Buscar alternativas sustentáveis, éticas e humanitárias de aliar produtividade com respeito aos animais é uma constante na cadeia suinícola mundial, principalmente quando se trata de sistemas de criação de matrizes suínas. Oferecer um ambiente confortável, com instalações adequadas, livre de fatores que possam gerar desconforto ou estresse, permite que as fêmeas exerçam comportamentos próprios da espécie, convivam em harmonia e expressem todo seu potencial reprodutivo.

Por muito tempo, o atual sistema de alojamento de matrizes em jaulas gestacionais foi apontado e defendido por especialistas do setor como o mais adequado, muito em razão do controle da supervisão técnica, manejo diário de alimentação, controle do escore corporal, índices zootécnicos e ausência de brigas.

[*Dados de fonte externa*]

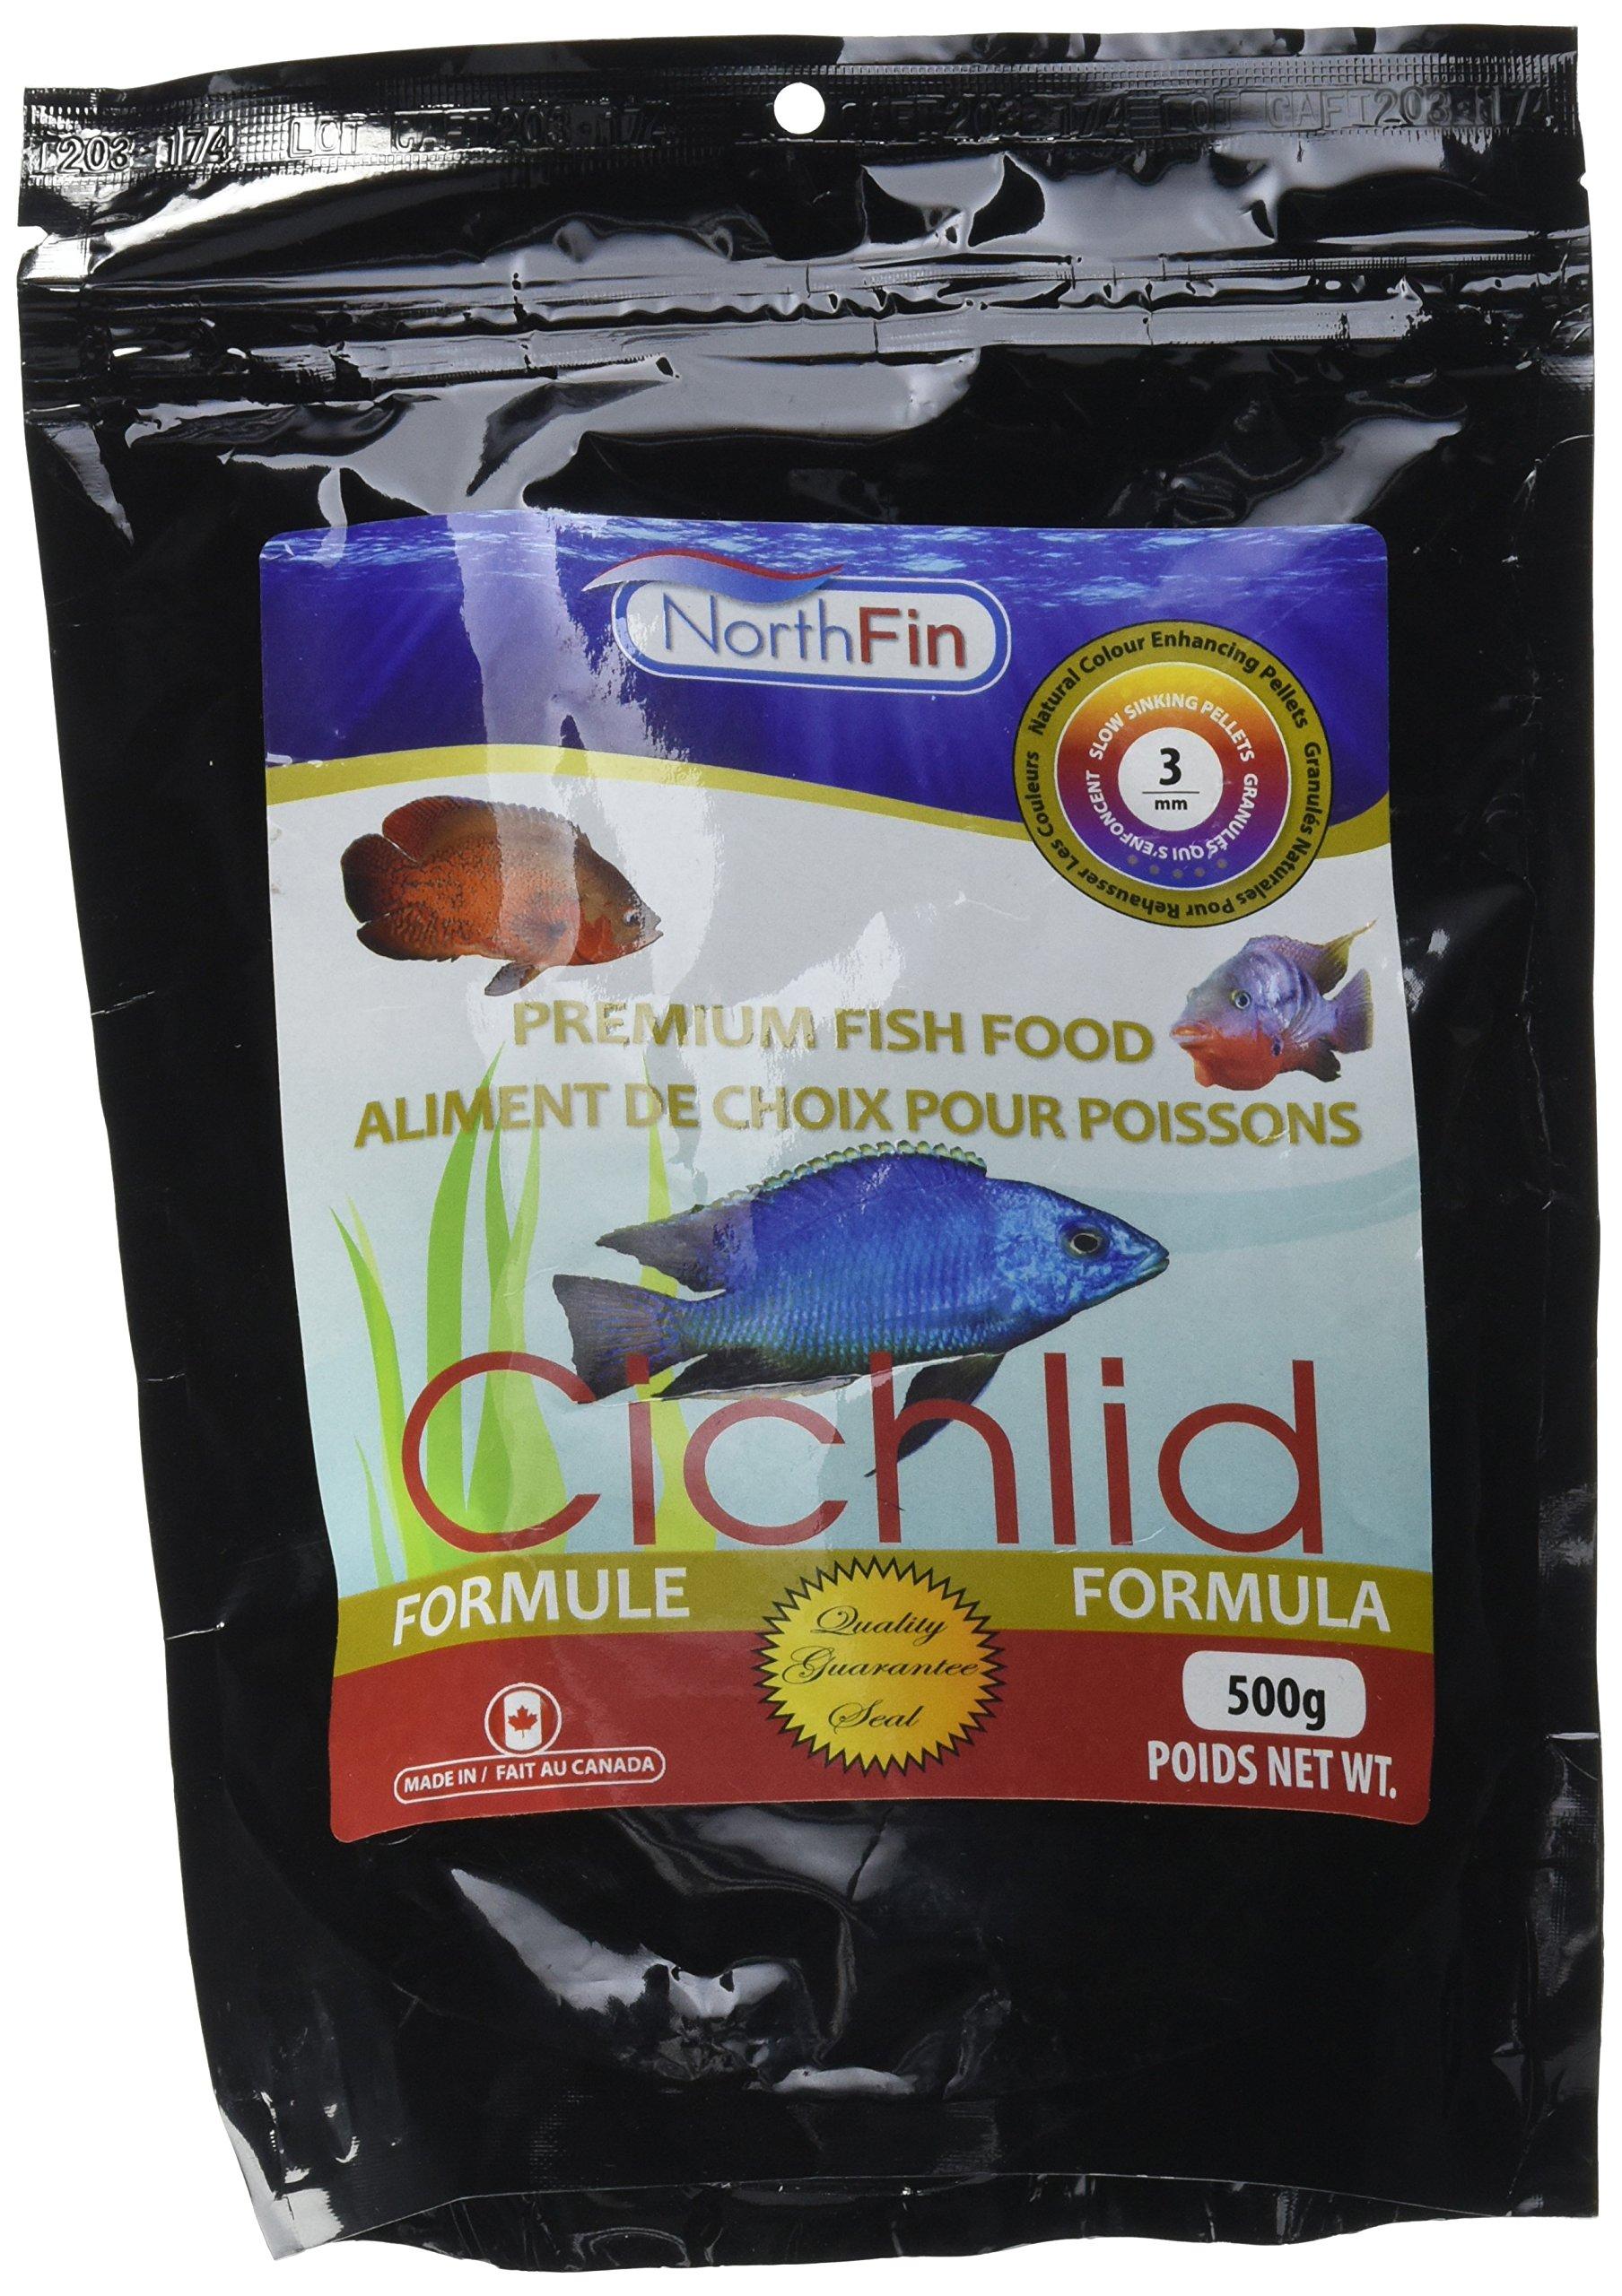 Northfin Fish Food, 3 mm Sinking Pellets, 500 g, Cichlid Formula by Northfin (Image #1)

Diretora técnica da Associação Brasileira de Criadores de Suínos, Charli Ludtke: “Compreender e proporcionar todas as necessidades das matrizes suínas é fundamental para que elas tenham qualidade de vida” – Foto: Jaqueline Galvão/OP Rural

Entretanto, com o desenvolvimento de novas tecnologias esse modelo começou a ser revisado devido aos efeitos causados à integridade física e psicológica dos animais, dada a restrição do espaço que as matrizes ficam, muitas vezes em gaiolas inadequadas ao seu tamanho. “Compreender e proporcionar todas as necessidades das matrizes suínas é fundamental para que elas tenham qualidade de vida. Quando oferecido conforto térmico, mental e fisiológico, as matrizes suínas conseguem expressar seu máximo desempenho zootécnico”, afirma a médica-veterinária e diretora técnica da Associação Brasileira de Criadores de Suínos (ABCS), Charli Ludtke. Ela foi uma das palestrantes do Seminário sobre sistemas de alojamento de matrizes suínas durante a 6ª edição do Congresso e Central de Negócios Brasil Sul de Avicultura, Suinocultura e Laticínios (Avisulat), que aconteceu entre os dias 28 e 30 de novembro, em Porto Alegre, RS.

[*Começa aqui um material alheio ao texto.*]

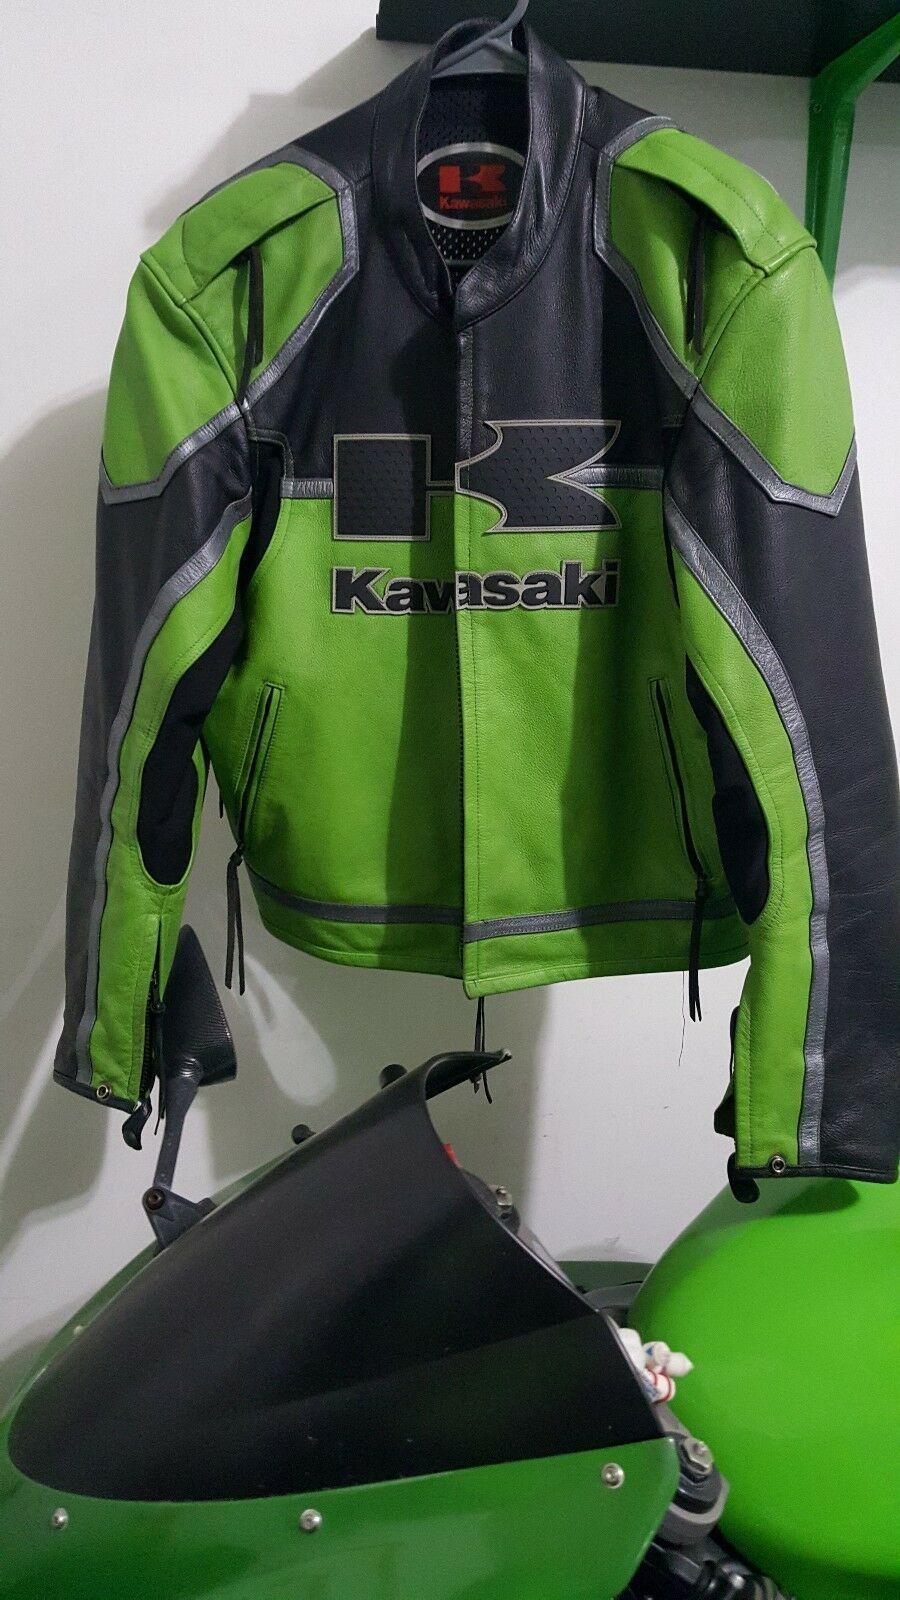 Kawasaki Two Tone Green Black Racing Motorbike Genuine

Atualmente o modelo indicado para novos projetos de alojamento de fêmeas suínas é em sistema de gestação em grupos, que já demonstra uma melhora da eficiência reprodutiva e da longevidade das matrizes, mostrando que animais em equilíbrio com seu meio podem ser mais produtivos do que quando alojados em sistemas de gaiolas, destaca a profissional. “É essencial que o produtor desenvolva monitorias de rotina, que contemplem a saúde dos animais, as instalações e os protocolos de gestão, condições de bem-estar animal e identificação de pontos fracos e fortes dentro do sistema de produção. É preciso reforçar medidas de biossegurança, uso responsável de antimicrobianos e melhorias das boas práticas de manejo rotineiramente”, reforça Charli, que é mestra em Ciências dos Alimentos e doutora em Inspeção de Produtos de Origem Animal.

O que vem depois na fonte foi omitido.